Each model has a slightly different feature space, as summarized below:

ZRP features by source, counts and contribution

Source	Count	% Shapley Contribution
Individual’s Name	15	72.79%
ACS Attributes	167	7.59%
Engineered Ratios	15	19.62%
Total	197	100.00%

Ex.: ZRP Top features

Rank	Description	Shapley Contribution
1	Label encoded** Black or African American last name	0.168
2	Label encoded American Indian or Alaska Native last name	0.115
3	Label encoded Hispanic last name	0.081
4	Label encoded White last name	0.071
5	Label encoded Asian American and Pacific Islander last name	0.048
6	Ratio of non-White to White	0.046
	Sum of all model feature contribution	1.000

Model Evaluation

A validation dataset was constructed using 2021 Alabama voter registration data comprised of about 235,000 randomly sampled records. Around 230,000 records had appropriate data for generating race predictions. Please refer to the Data Sampling section to review filtration criteria. The race and ethnicity class information is tabulated below for the Alabama validation dataset. The table include United States popultion estimates by race and ethnicity, these estiamtes are not indicative of the true registered voter population.

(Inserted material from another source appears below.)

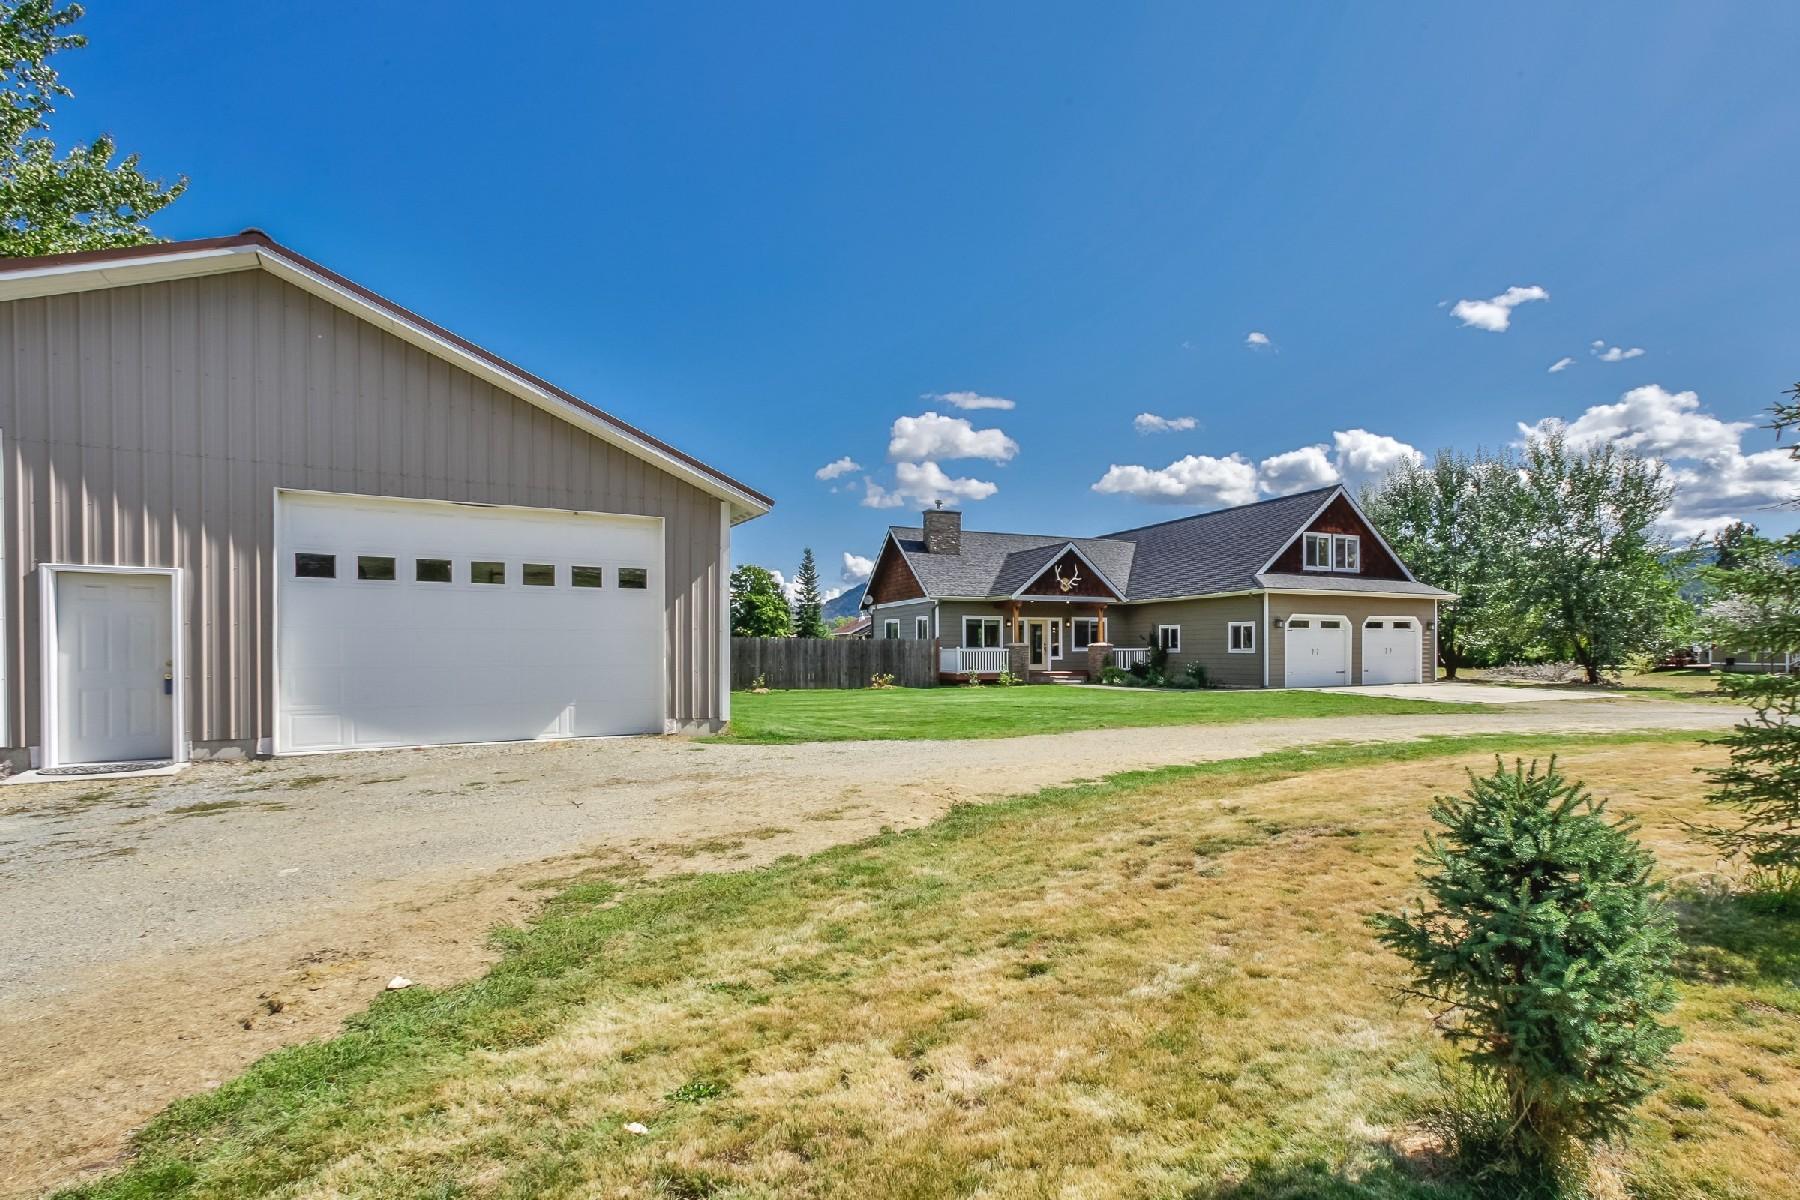 Single Family Homes のために 売買 アット Wonderful Design 307 Riley Creek, Laclede, アイダホ 83841 アメリカ
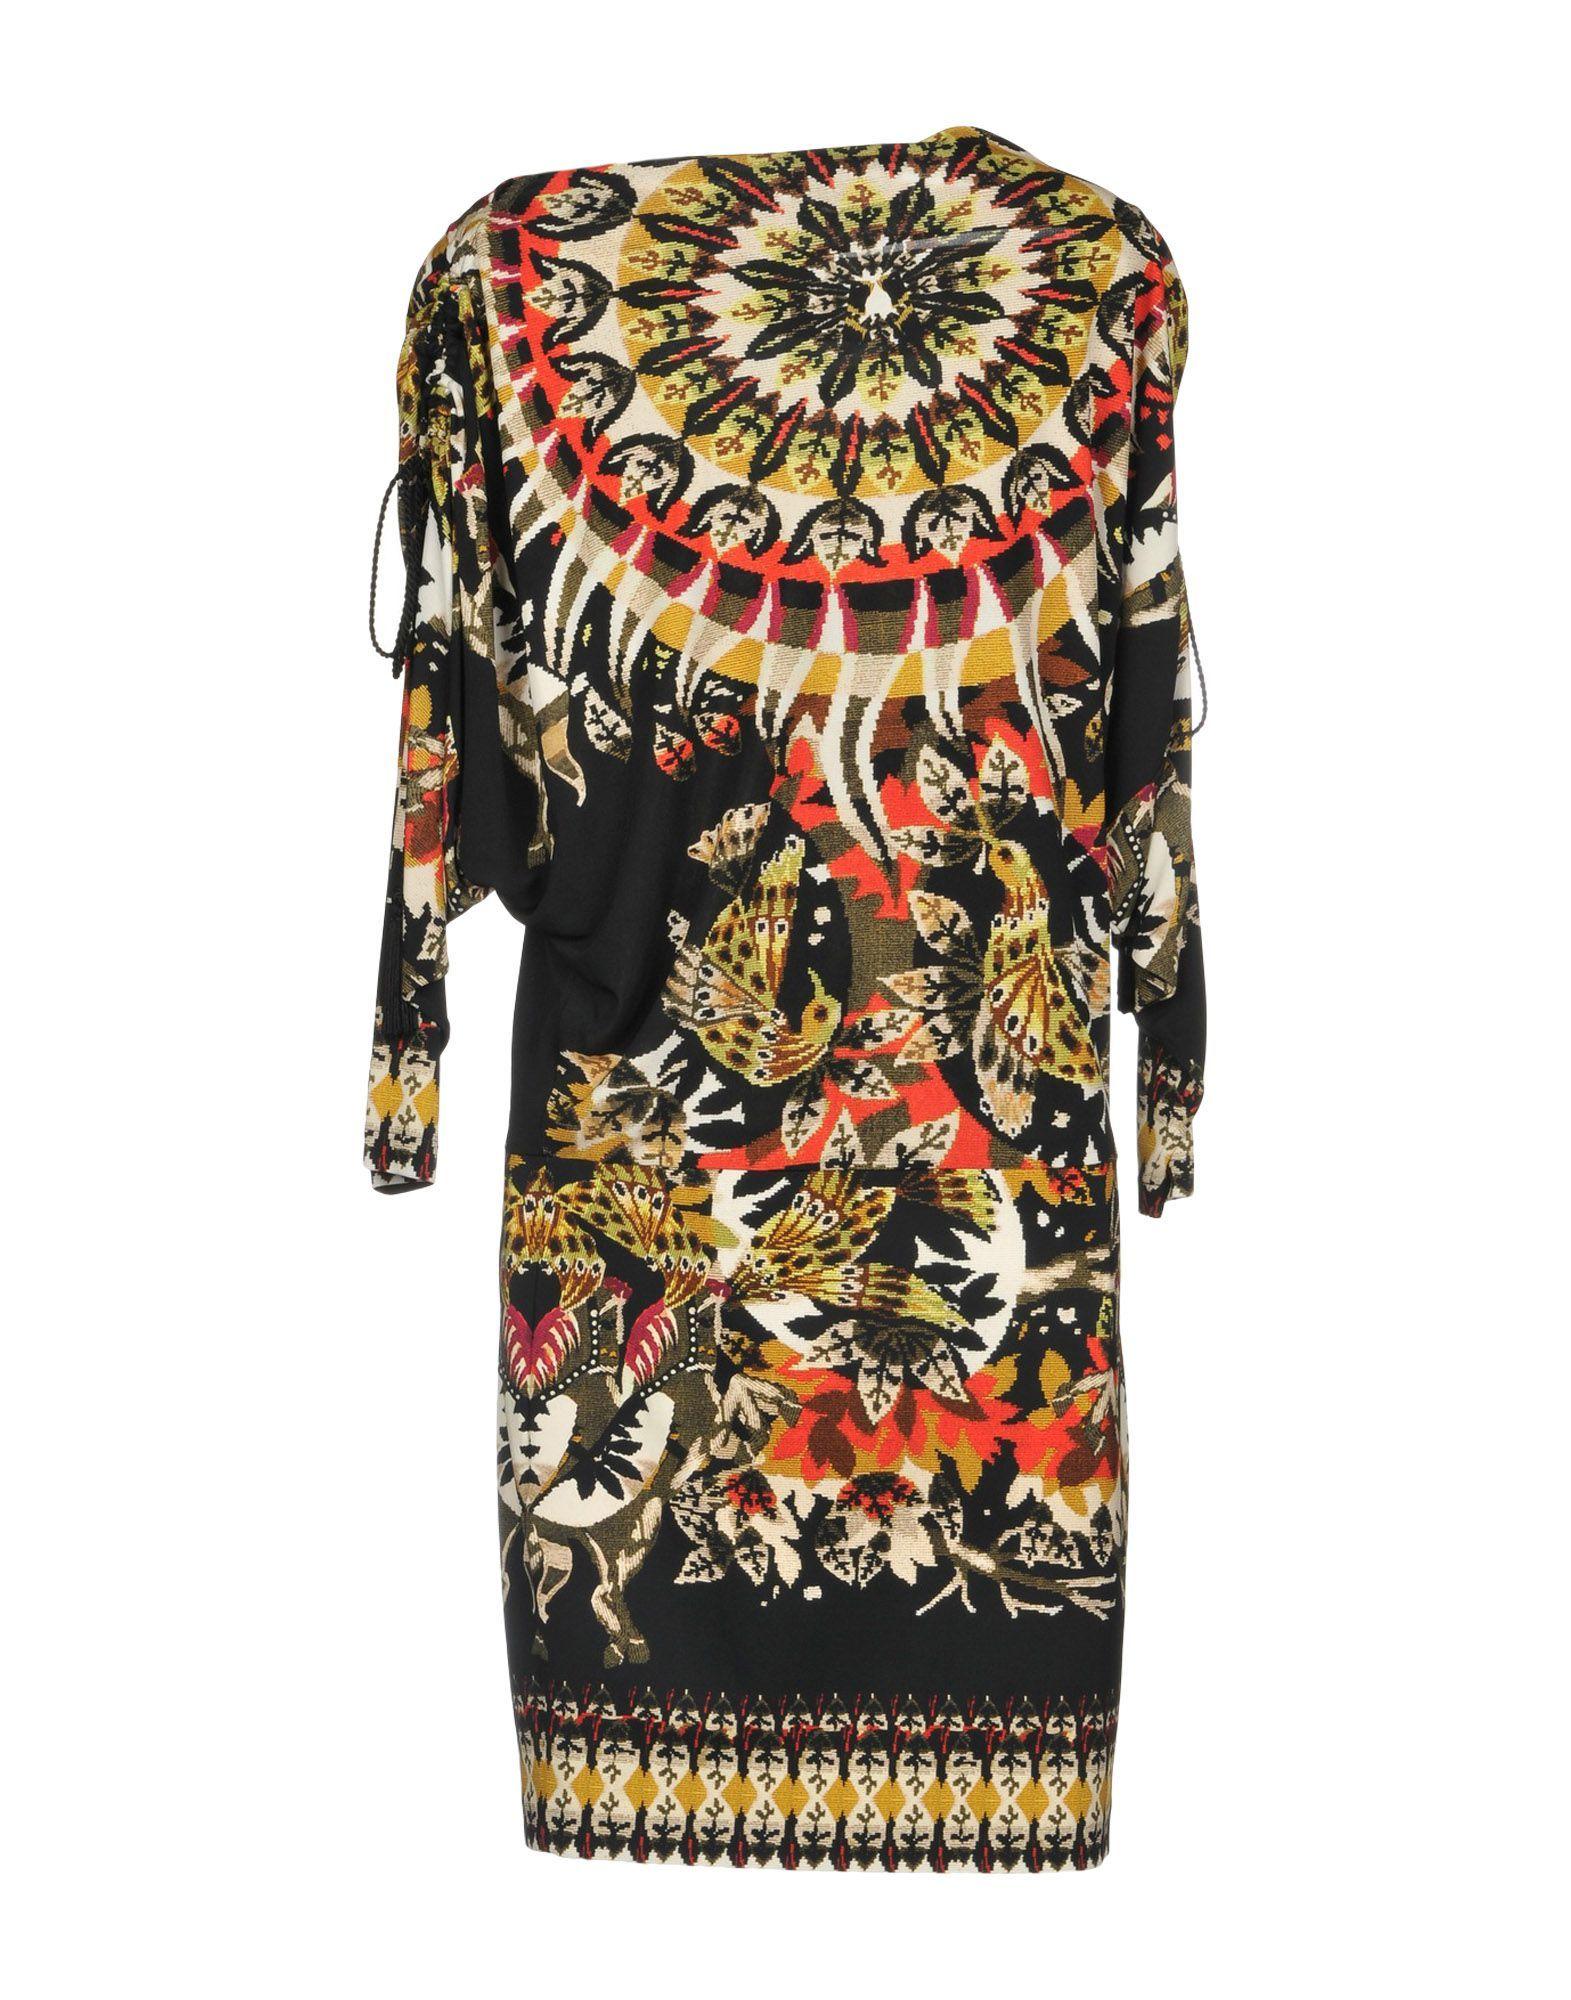 Roberto Cavalli Black Print Long Sleeve Dress

Class	Sample Percent	National Estimate (%)
Asian American and Pacific Islander	1.1%	1.6%
American Indian and Alaskan Native	0.3%	0.7%
African American or Black	23.6%	26.8%
Hispanic or Latino	2.5%	4.6%
White	72.6%	65.3%

The benchmark models used for comparison in this section are BISG and BIFSG. We utilize the surgeo implementations for both models. Across the board, with significant class sizes, we can see ZRP outperforms BISG and BIFSG.

On the Alabama dataset, ZRP labeled more records than other methods

BISG falls short when proxying race or ethnicity of minority groups exhibited by low TPRs across minority classes. Predictive performance of the ZRP model on the Alabama validation dataset is shown below:

On the Alabama dataset, ZRP is better at predicting race compared to other methods (AUC metric)

On the Alabama dataset, ZRP has greater classification accuracy

On the Alabama dataset, ZRP Outperforms BISG and BIFSG even when holding name lists constant

We additionally complete validation studies of ZRP using Louisiana voter registration data and PPP Loan Forgiveness data (courtesy of Dr. Sabrina Howell at NYU. The results of the extended study can be found in our ZRP Validation Experiments’ Results.

Model Limitations

This model is designed to predict race/ethnicity based on names and addresses of people residing in the United States only.